WORK INSTRUCTION. Quote the material exactly from the line that contains "costway 4 pc" through its last line. Any pictures are to be left out.

SOURCE MATERIAL.

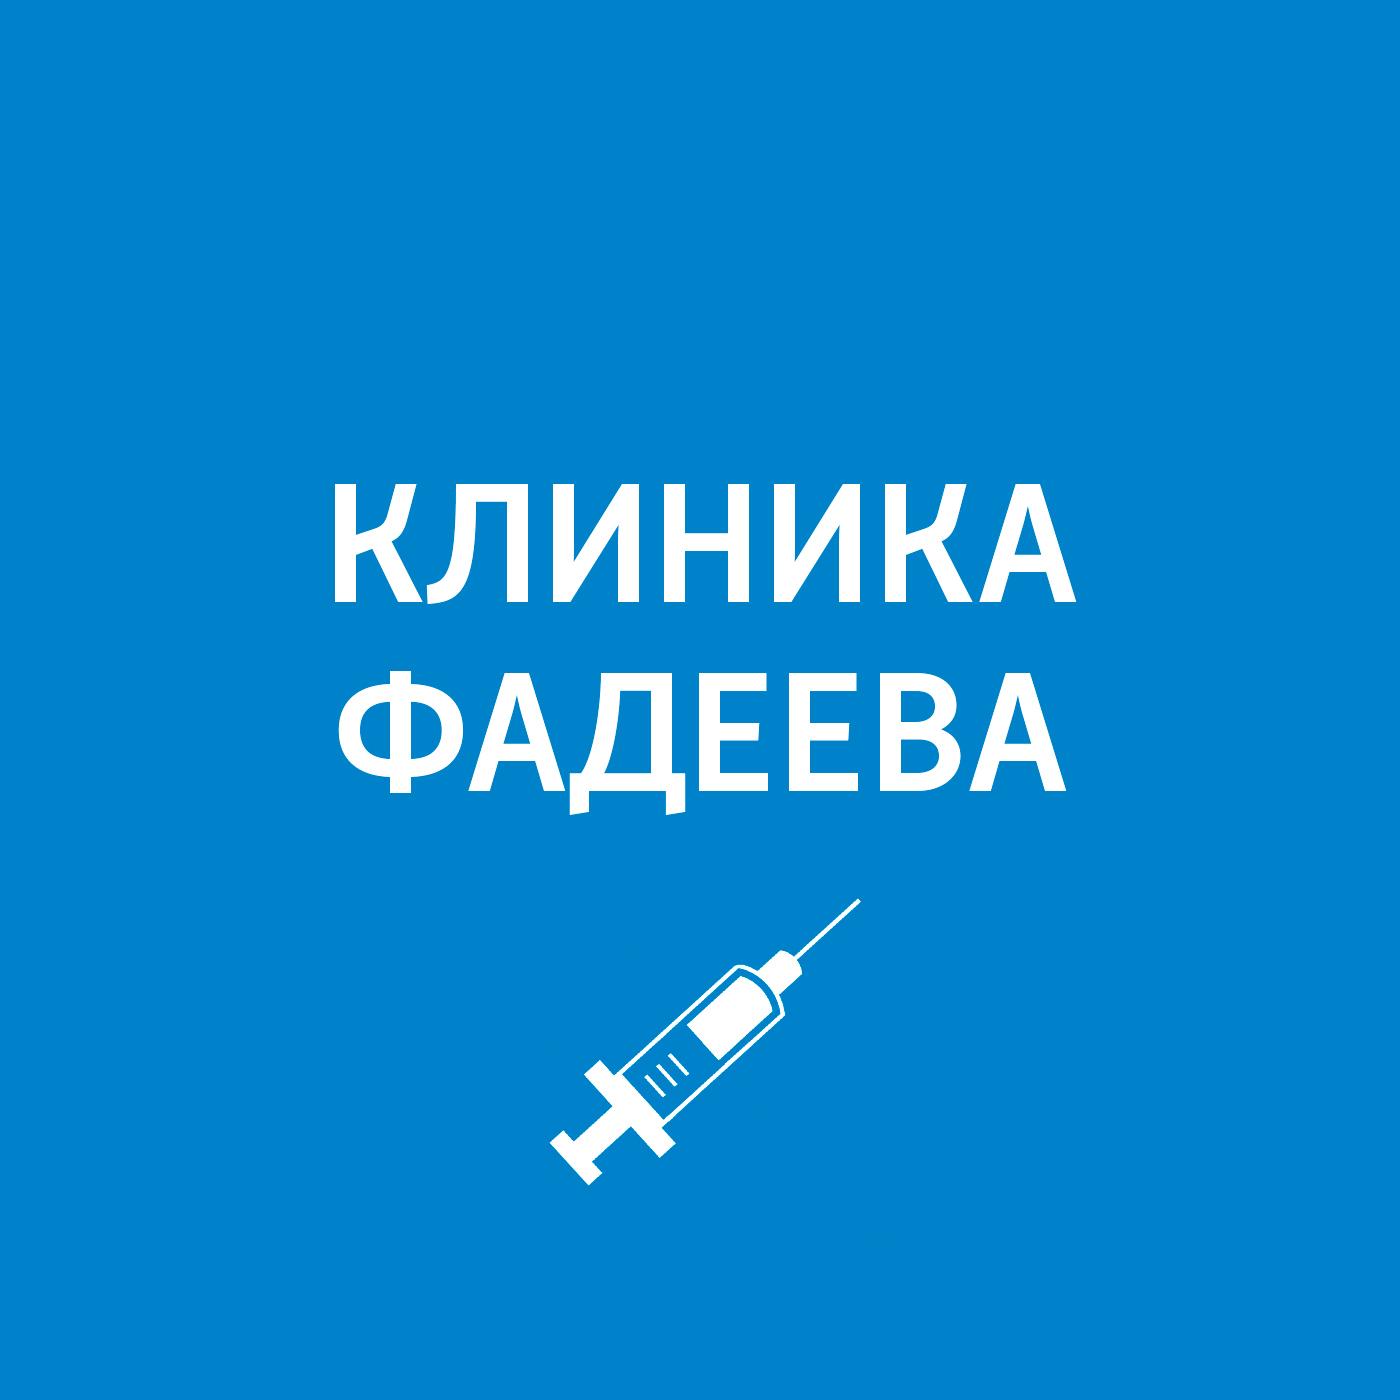 Пётр Фадеев Мотогонки
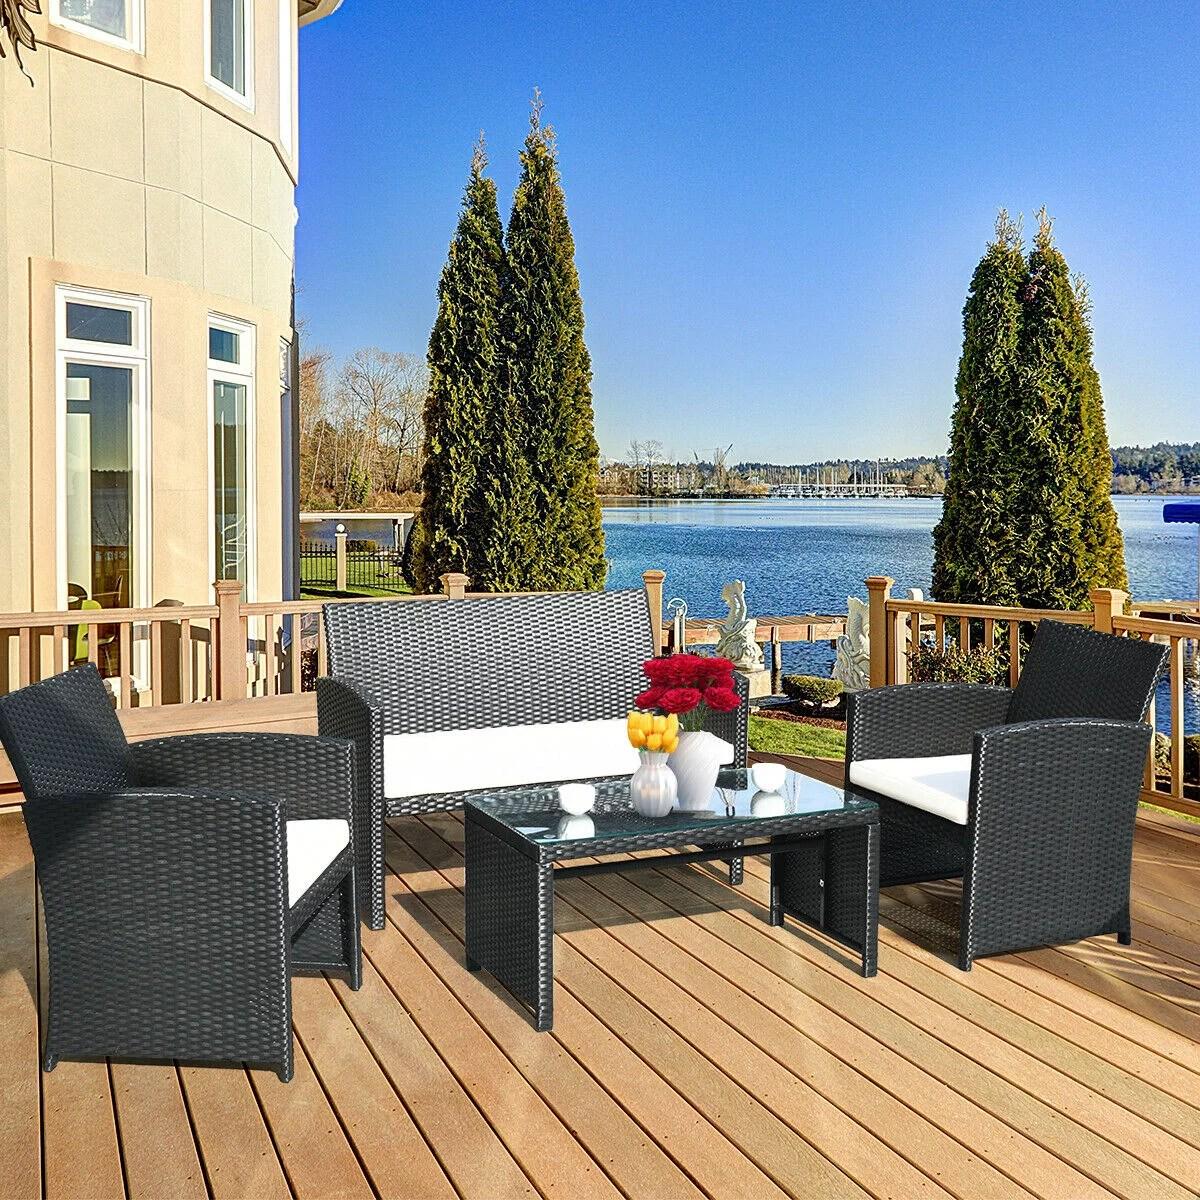 costway 4 pc rattan patio furniture set garden lawn sofa rattan wicker with white cushions walmart com
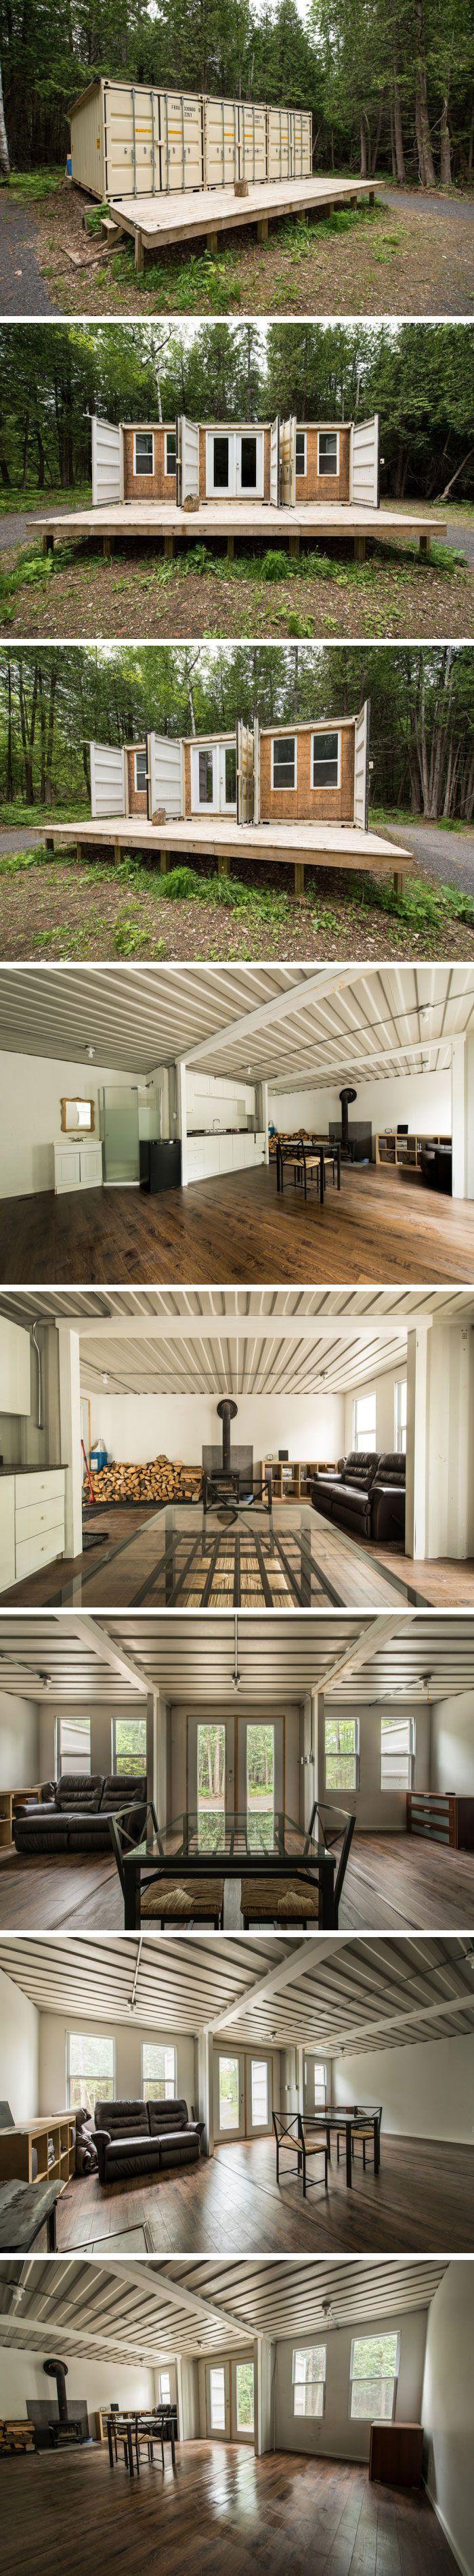 #woodburningheater #refurbished #storagecontainer

EXPECTED ANSWER.
 costway 4 pc rattan patio furniture set garden lawn sofa rattan wicker with white cushions walmart com
 #woodburningheater #refurbished #storagecontainer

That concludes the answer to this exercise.